On Petitions to Review Decisions of the Tax Court of the United States.

Consolidated petitions by Lenore Scullin Clark and by Mercantile-Commerce Bank Trust Company and Bernice W. Scullin, coexecutors under the will of Harry Scullin, and another against Commissioner of Internal Revenue to review decisions of Tax Court, 7 T.C. 192.

Affirmed.

James E. Garstang, of St. Louis, Mo. (Emmet T. Carter and Gerald K. Presberg, both of St. Louis, Mo., on the brief), for petitioners.

Hilbert P. Zarky, Sp. Asst. to Atty. Gen. (Sewall Key, Acting Asst. Atty. Gen., and J. Louis Monarch, Sp. Asst. to Atty. Gen., on the brief), for respondent.

Before GARDNER, THOMAS, and RIDDICK, Circuit Judges.


In these cases, which were consolidated for hearing in the Tax Court and in this court, Lenore Scullin Clark, in her income tax return for the year 1941, and Harry Scullin and Bernice W. Scullin, his wife, in their return for the same year, claimed capital losses deductible from net income, incurred on sales of certain stock purchase warrants made in the taxable year. The Commissioner ruled that the taxpayers had realized capital gains instead of losses on the sales in question and determined deficiencies. On review, the Commissioner's action was sustained by the Tax Court.

After the decisions in the Tax Court Harry Scullin died. Mercantile-Commerce Bank and Trust Co., a corporation, and Bernice W. Scullin, coexecutors under the will of Harry Scullin, have been substituted in his place as petitioners.

So far as material, the facts in the cases are identical. Lenore Scullin Clark and Harry Scullin were among the beneficiaries of a trust under the will of John Scullin, deceased. The trustees of this trust were the holders of $1,497,000 principal amount of 6½ per cent debenture bonds of Scullin Steel Company, a Delaware corporation, acquired by the trustees in 1926 at a cost of $1,452,090. Interest on the debentures had been in default since April 1, 1931. In 1937 the company was reorganized pursuant to section 77B of the Bankruptcy Act, 11 U.S.C.A. § 207. The plan of reorganization provided for the formation of a new company with an authorized issue of 29,940 shares of preferred stock of a par value of $50 a share, and 395,510 shares of common stock of no par value. Holders of the preferred stock of the new company were granted the right to convert it into common stock on the basis of one share of preferred stock for one and one-quarter shares of common stock. The plan also provided for the issue of 524,840 stock purchase warrants, in bearer form, entitling the holder of each four of such warrants to subscribe to one share of common stock in the new company upon the payment of $10.

The particular provisions of the reorganization plan necessary for consideration here are as follows:

"VII. Allocation of Capital Stock of New Company

It is proposed that the capital stock of the New Company shall be allocated and distributed as follows:

A. 29,940 shares of Preferred Stock to the holders of $1,497,000 of outstanding Debentures on the basis of 20 shares of such stock for each $1,000 principal amount of such Debentures, which Debentures shall then be cancelled, together with the coupons evidencing interest thereon.

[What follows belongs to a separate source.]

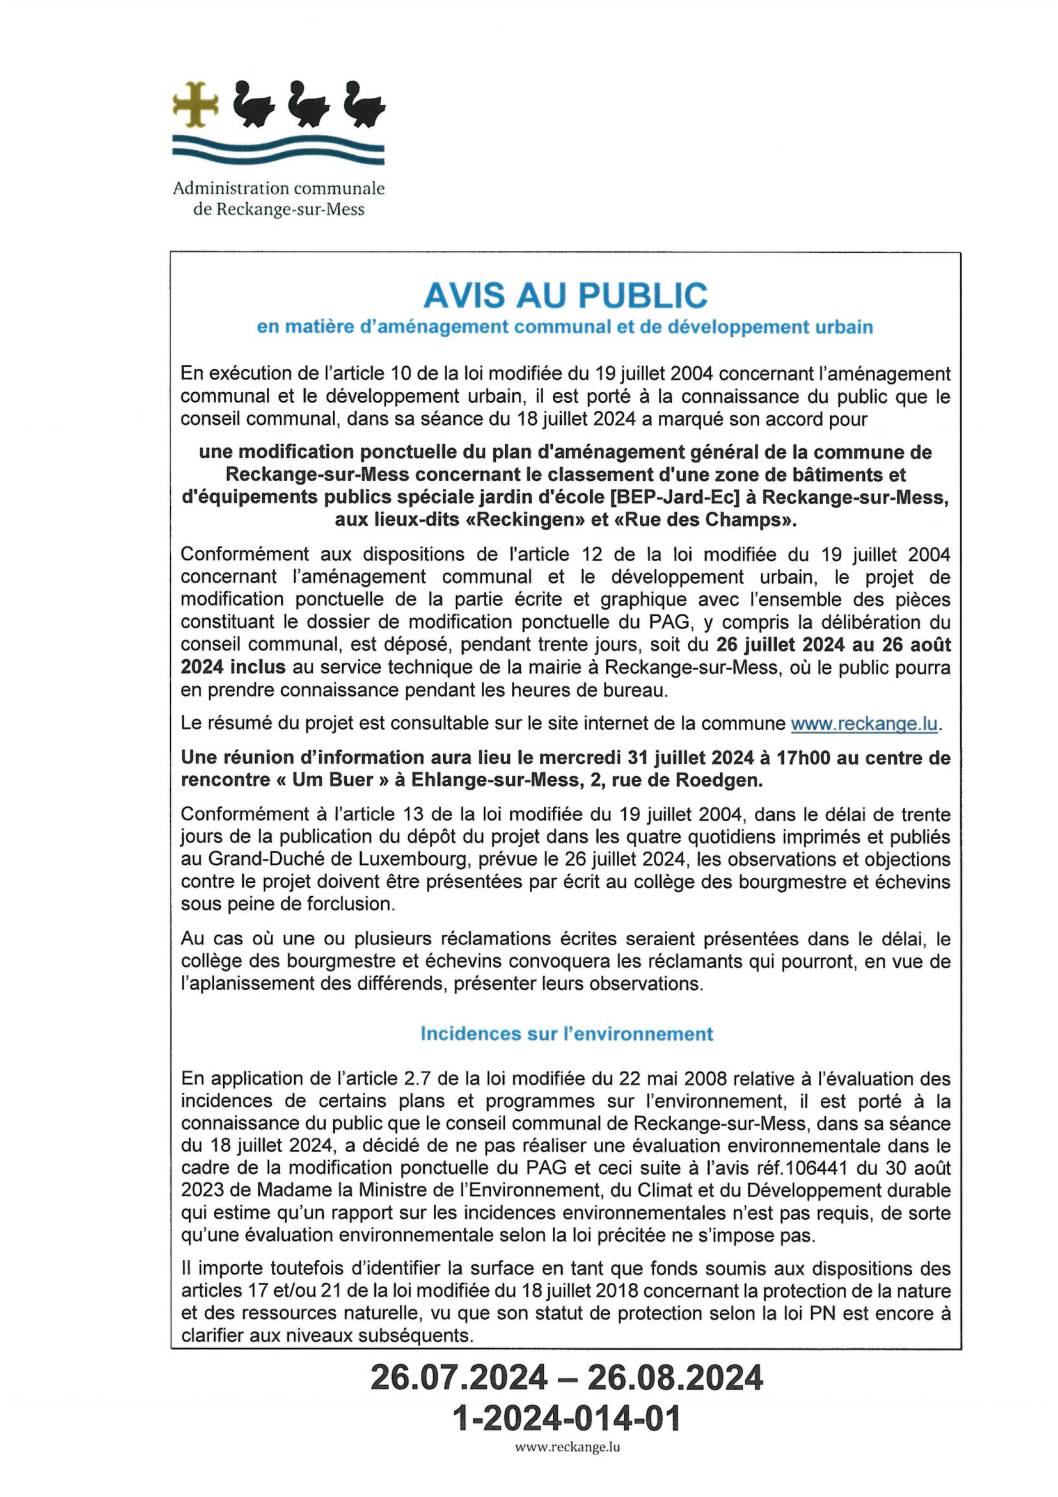 AVIS AU PUBLIC - MoPo 195 PAG "BEP-Jard-Ec" à Reckange-sur-Mess & dispense SUP

* * * * * * IX. Issuance and Distribution of Stock Purchase Warrants

There shall be issued Stock Purchase Warrants dated as of May 1, 1937, in bearer form, which will entitle the holder of each four of such warrants to subscribe for one (1) share of Common Stock for Ten Dollars ($10.00) per share within five (5) years from the date thereof. An aggregate of 524,840 warrants shall be issued as follows:

* * * * * *

B. 79,840 thereof to the holders of the Debentures, which warrants are in lieu of and in satisfaction for all accrued, accumulated and unpaid interest upon said Debentures, on the basis of 53 1/3 warrants for each $1,000 face amount of Debentures * * *."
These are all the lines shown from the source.